3 mars. À deux heures du matin, un vieillard de soixante-quinze ans, prêtre de Toulouse, amené en place de son frère qui s’était évadé, obtient sa liberté après trois mois d’incarcération et à la suite d’une route de soixante-quinze lieues, durant lesquelles il avait été enchaîné par les quatre membres.

Le soir, son lit est pris par quatre nouveaux venus, MM. Dozier, grand-vicaire de Chartres, Margarita, curé de Saint-Laurent de Paris, Kéricuf, chanoine de Saint-Denis, et Bremont.

Le 4 mars, Jardin, rédacteur du Tableau de Paris, s’évade de l’hospice ; Boischot en prend de l’humeur, et Poupaud, qui nous donne cette nouvelle, s’en réjouit et n’a jamais été si poli. Nous sommes ses amis, il nous ouvrira la porte tant que nous voudrons, il est tout à notre service.

Dans la nuit du 6 mars, grand bal dans la prison et dans le corps de garde sous nous ; Poupaud donne la fête. À minuit, Langlois et Richer-Serisi ouvrent la porte de la prison avec la clef d’or, et s’évadent. Langlois, qui crachait le sang, avait joué son rôle en fin renard. Le lendemain, Poupaud attache des draps à la croisée pour faire croire qu’il y avait fracture.

11 mars. On double la garde, on nous embarque demain ; les figures s’allongent, on écrit, on prépare ses paquets, on doute encore de cette nouvelle. Nous demandons exemption pour nos vieillards de soixante-dix ans ; chacun rédigeait pour eux un mode de pétition. Le soir, la prison était un peu bruyante ; une sentinelle, prise de vin, tira un coup de fusil, dont la balle frappa la voûte de notre salle et rebondit sur la tête d’un vieillard de soixante ans ; on ne nous envoya personne pour le panser, quoiqu’il fût plein de sang. L’officier de garde avec un planton vint seulement voir si nous ne songions point à nous évader ; nous ne pouvions pas y songer car la prison, depuis le matin, était entourée de vingt-deux factionnaires.

Au jour, Poupaud nous fait vider les bailles et nous ordonne de nous préparer à partir dans deux heures. La prison offre le tableau d’un camp cerné par l’ennemi : l’un se hâte d’emballer ses effets, celui-ci cherche une issue, cet autre pleure, tout est pêle-mêle, on travaille beaucoup sans avancer à rien, tout se trouve et s’échappe de nos mains.
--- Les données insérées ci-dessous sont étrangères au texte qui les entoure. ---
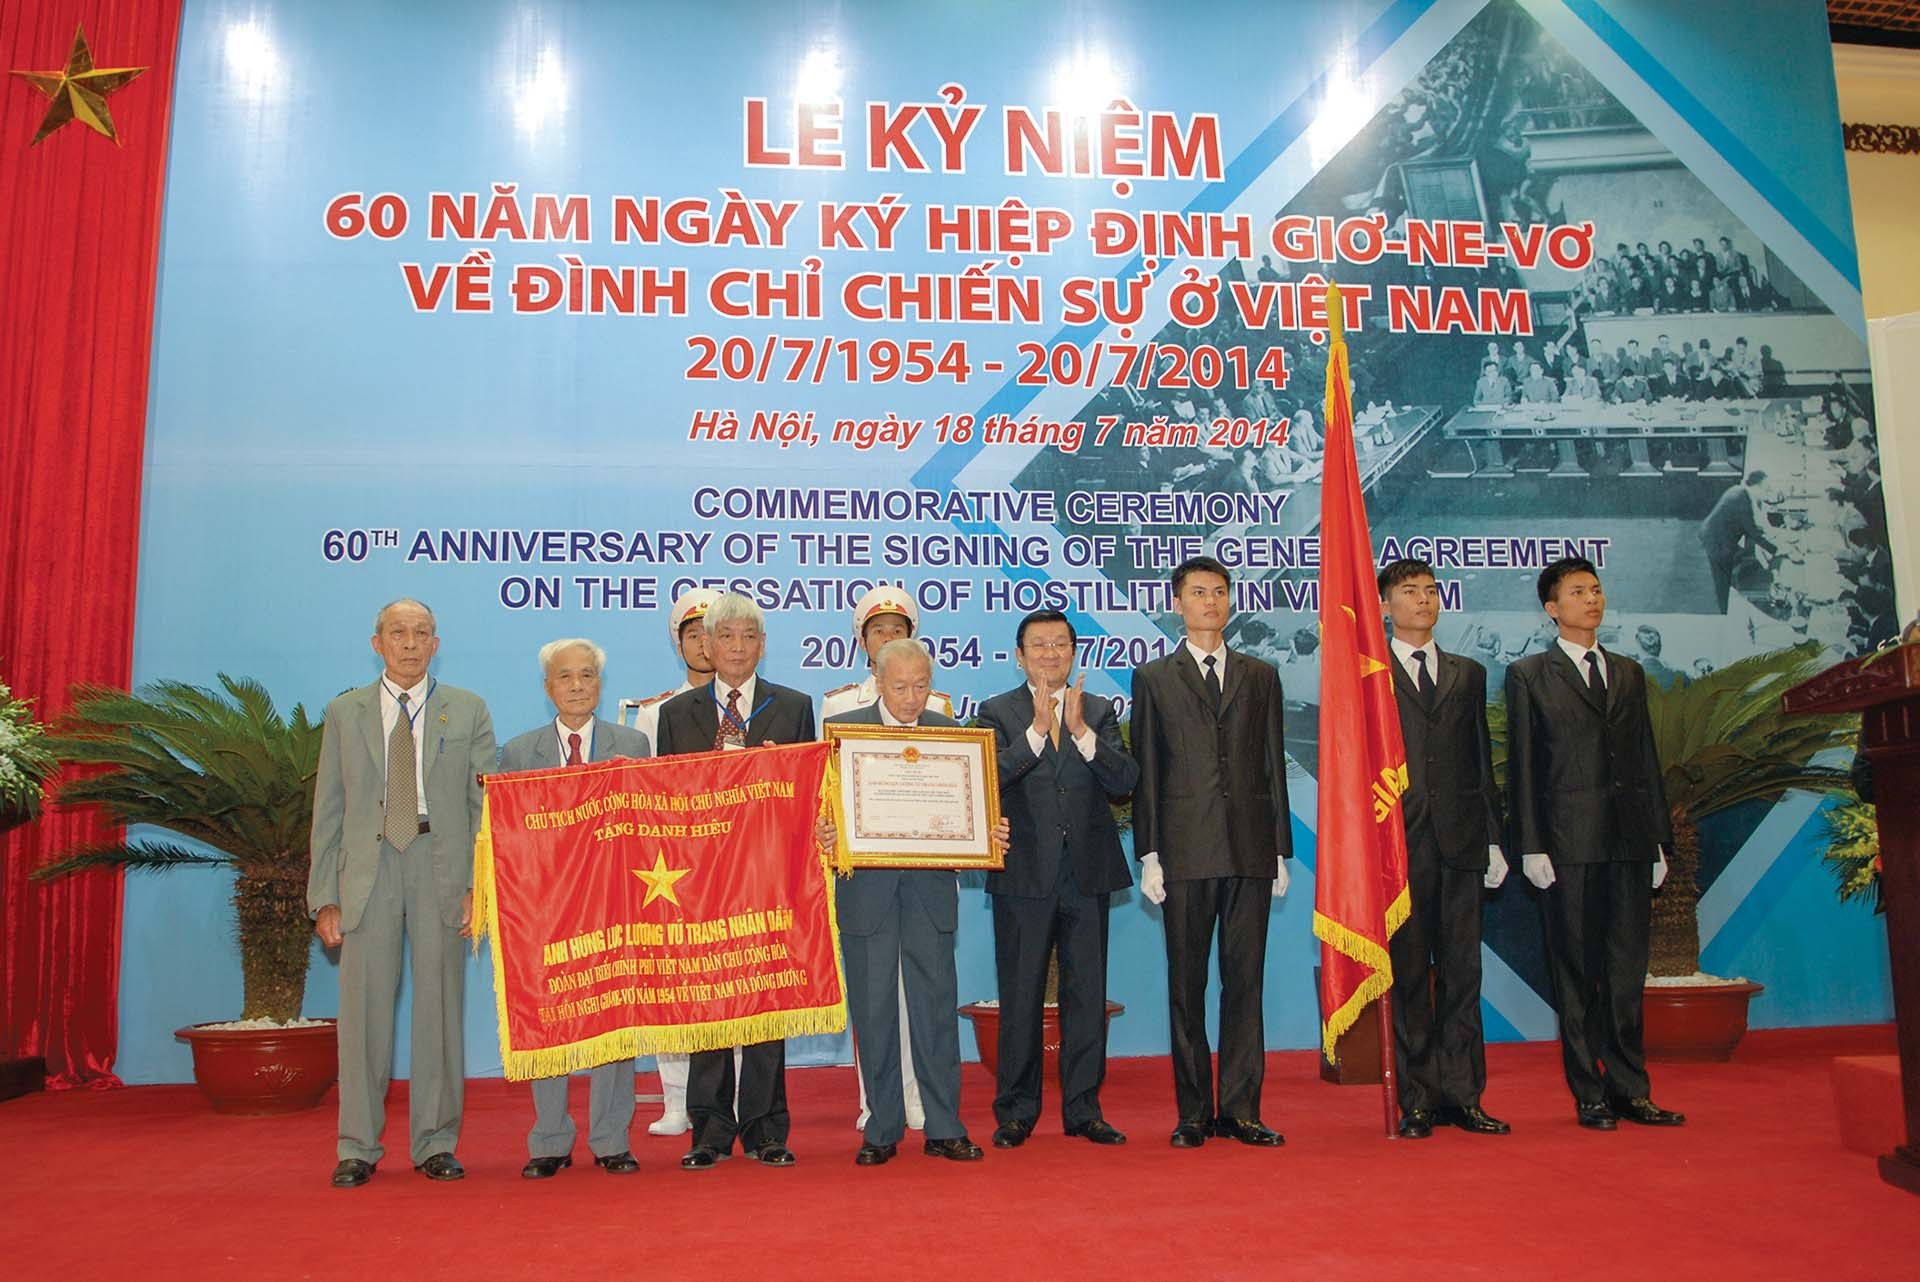 Chủ tịch nước Trương Tấn Sang trao tặng danh hiệu “Anh hùng Lực lượng vũ trang nhân dân Việt Nam” cho Đoàn đại biểu  Việt Nam DCCH tham dự Hội nghị Geneva năm 1954.

Au bout de deux heures, nous voilà comme les Israélites, la ceinture aux reins, le bâton à la main, les sandales aux pieds, pour le voyage de la mer Rouge et du désert.

Au nord, du côté des promenades, une haie de baïonnettes borde le cours et les avenues de la prison ; des servantes, des enfants, une populace assez nombreuse se disputent le plaisir de nous voir passer.

Boischot arrive, et nous dit d’un air riant : « Allons, messieurs, je vous mets au large. » Il déroule un beau cahier, noué de deux faveurs, où chaque nom est inscrit en gros caractère et entouré de notices particulières, qui sont les motifs de déportation ; les trois quarts (comme nous l’avons vu dans la suite en recopiant la liste après le combat) sont déportés sur ce protocole :

Loi du 19 fructidor.

BONS

À

DÉPORTER.

Doru, mal vu des patriotes.

Douzan, pour avoir déplu au Directoire.

Clavier, dénoncé.


Suspects



Lapotre

Poirsin

Grandmanche

etc., etc.

Département

des Insoumis.

Vosges.

BONS

À

DÉPORTER.

Ce seul titre de la loi est la base de condamnation du plus grand nombre, qui n’aurait pas de peine à se justifier si on lui appliquait explicativement tel ou tel article de la loi, car certains sont déportés comme prêtres, qui sont laïcs. Tous les individus du même département ou pris dans le même arrondissement, sont rassemblés dans la même parenthèse dont vous voyez le modèle.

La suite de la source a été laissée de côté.